Keeping stuff: How to preserve course papers despite technological change

Front door ... Previous page ... Next page ... Executive summary


Microsoft Office

Since the College made the transition to distributed computing, in 1999-2001, the dominant word-processing software on campus has been Microsoft Word, the dominant spreadsheet has been Microsoft Excel, and the dominant presentation manager has been Microsoft PowerPoint. We have now been through several versions of each of these products, each featuring a different user interface and a different set of undocumented, not-quite-compatible, proprietary file formats.
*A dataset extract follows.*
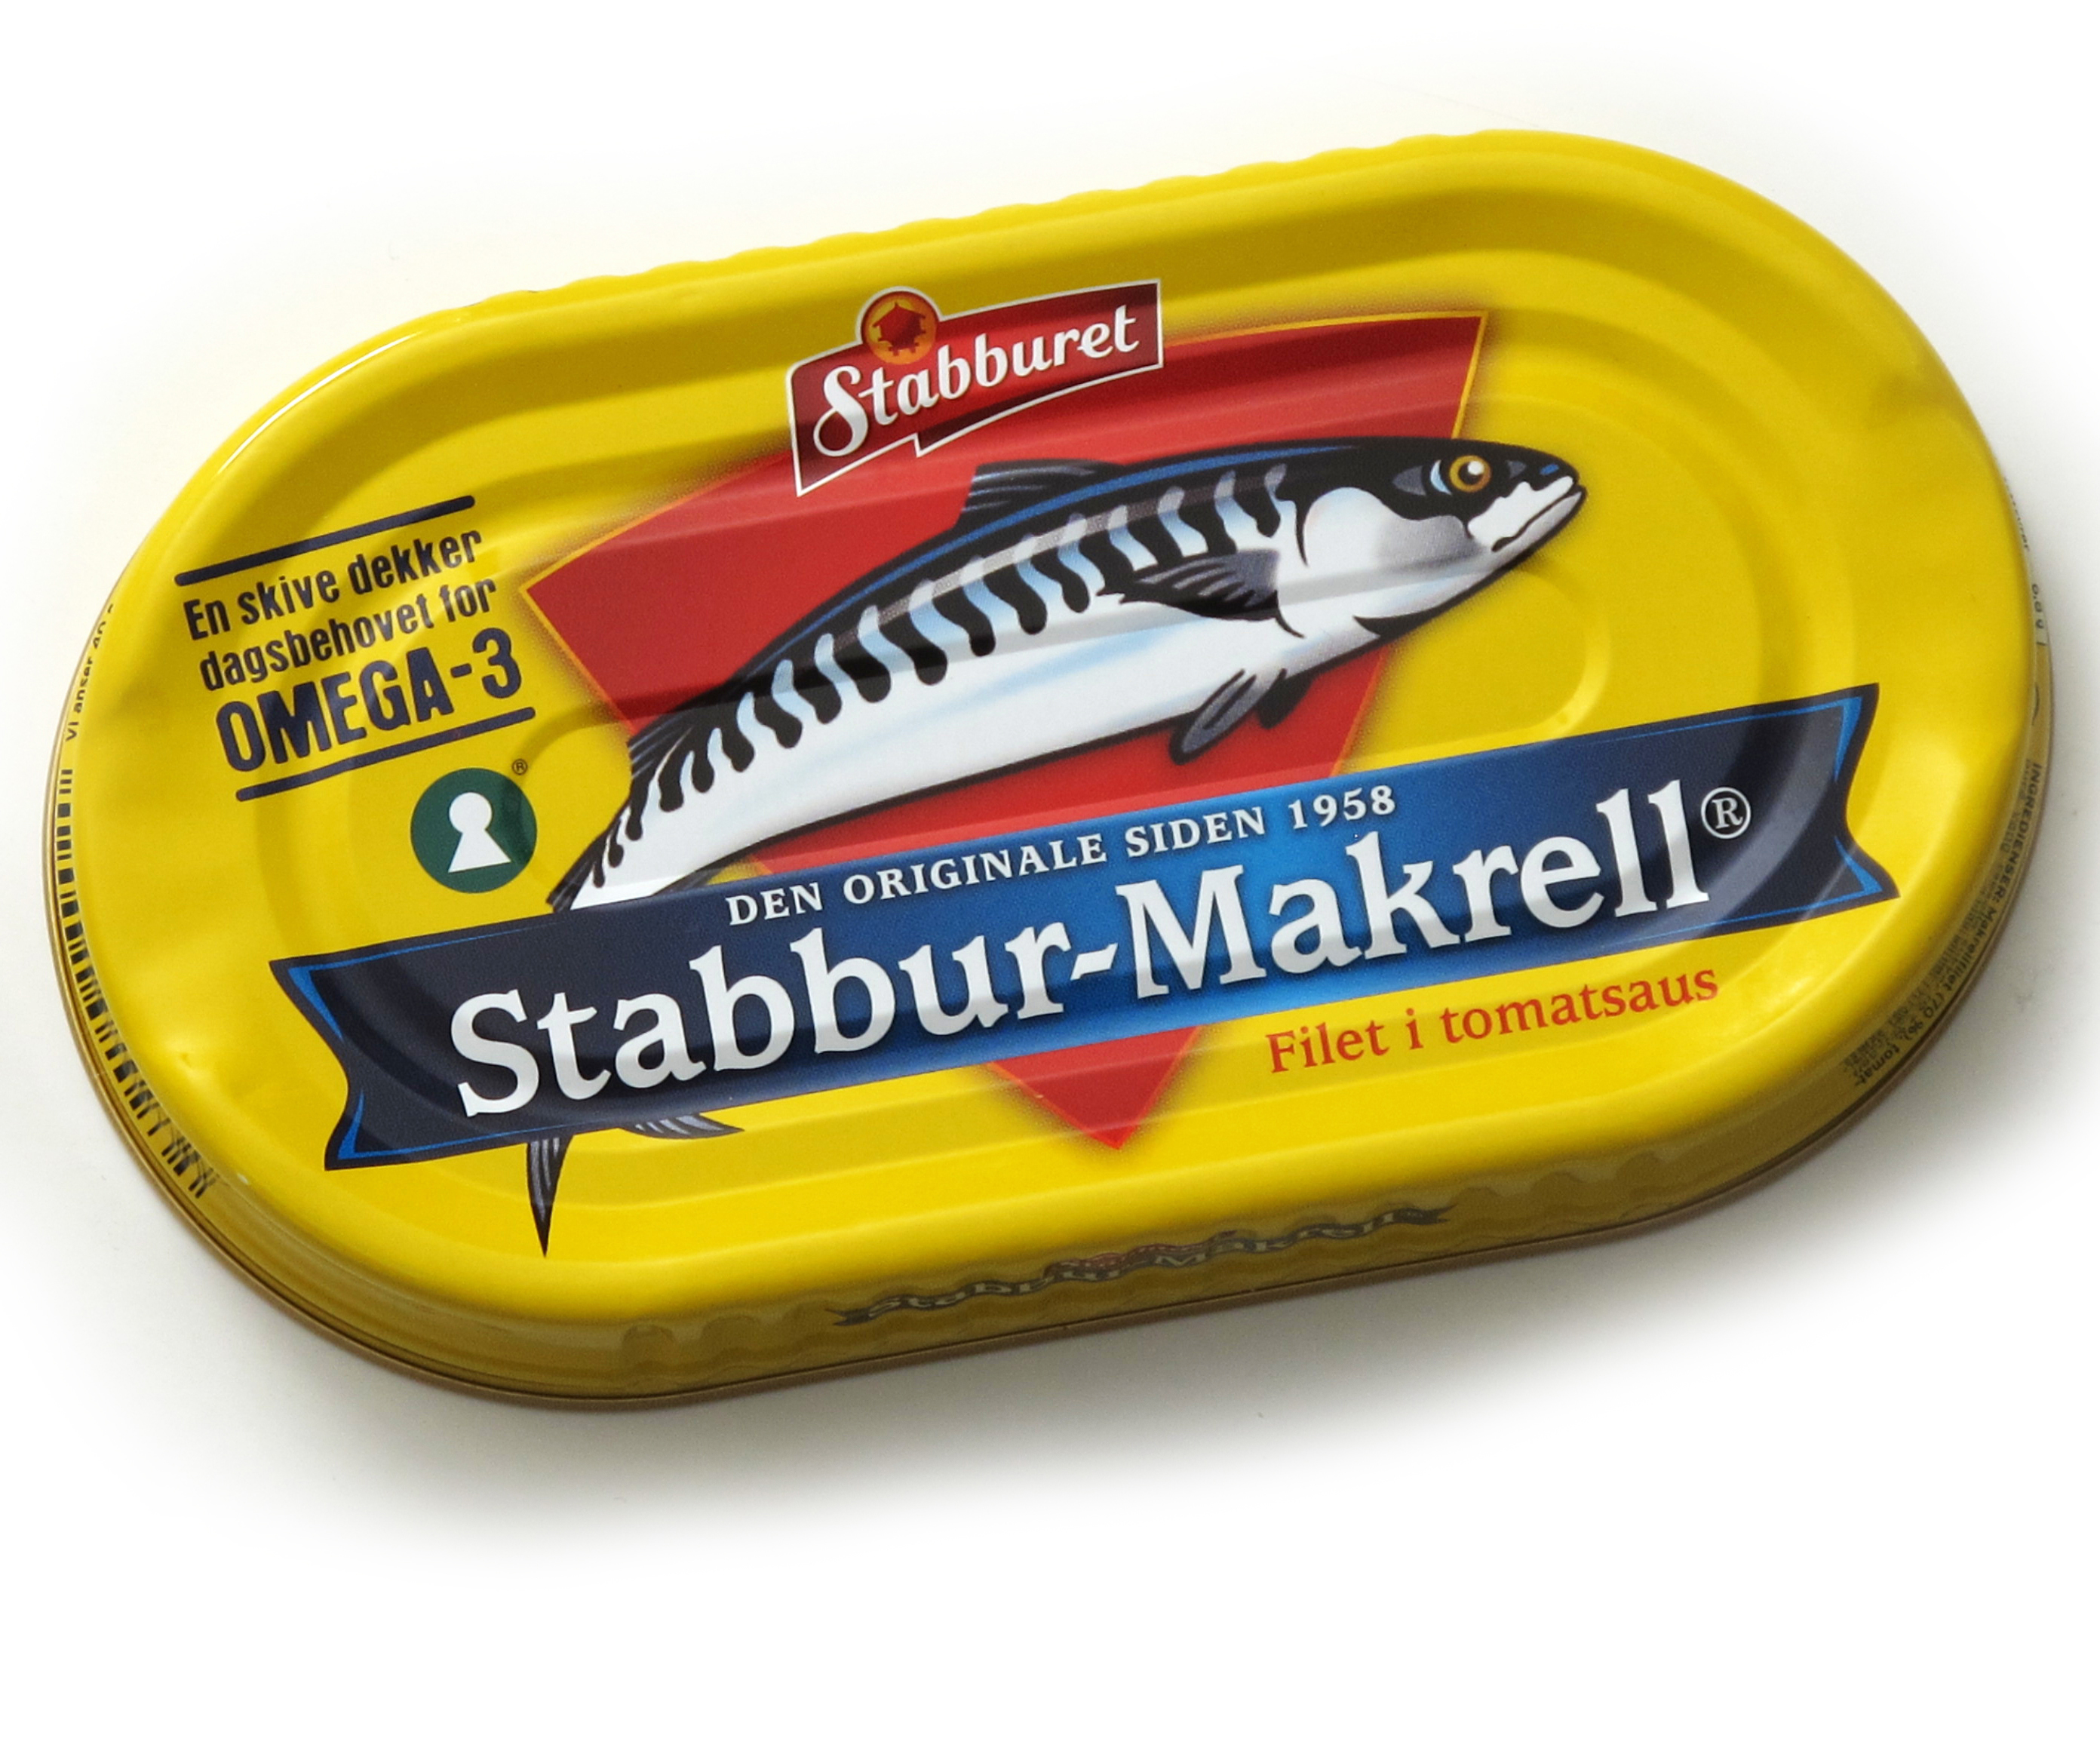 makrellstabbur

Consequently, most of the faculty members who have been here for ten years or more, and keep archives of their course materials, have a motley collection of Microsoft Office files in various formats, all of which Microsoft now considers obsolescent. In Office 2007, Microsoft switched file-format defaults in Office to its new, unstandardized, and utterly incompatible .docx, .xlsx, and .pptx formats, and plans to phase out support for the older formats.

Since the older formats have been reverse-engineered by implementers of free-software systems like OpenOffice.org, it is likely that conversion utilities will be available for a very long time; as we have seen, even antique and rarely-used software doesn't disappear if it's free software. On the other hand, people who use only Microsoft Word for text processing are likely to find it increasingly difficult to access and use their old documents, and increasingly likely that the rendering of those documents will be incorrect in some way. Even the fact that Microsoft Word provides its own fonts will cause trouble; they are proprietary fonts, the available selection changes over time, and Microsoft has a strong economic incentive to keep forcing its customers and their documents into new, incompatible versions every few years, in order to preserve its monopoly and to maximize profits.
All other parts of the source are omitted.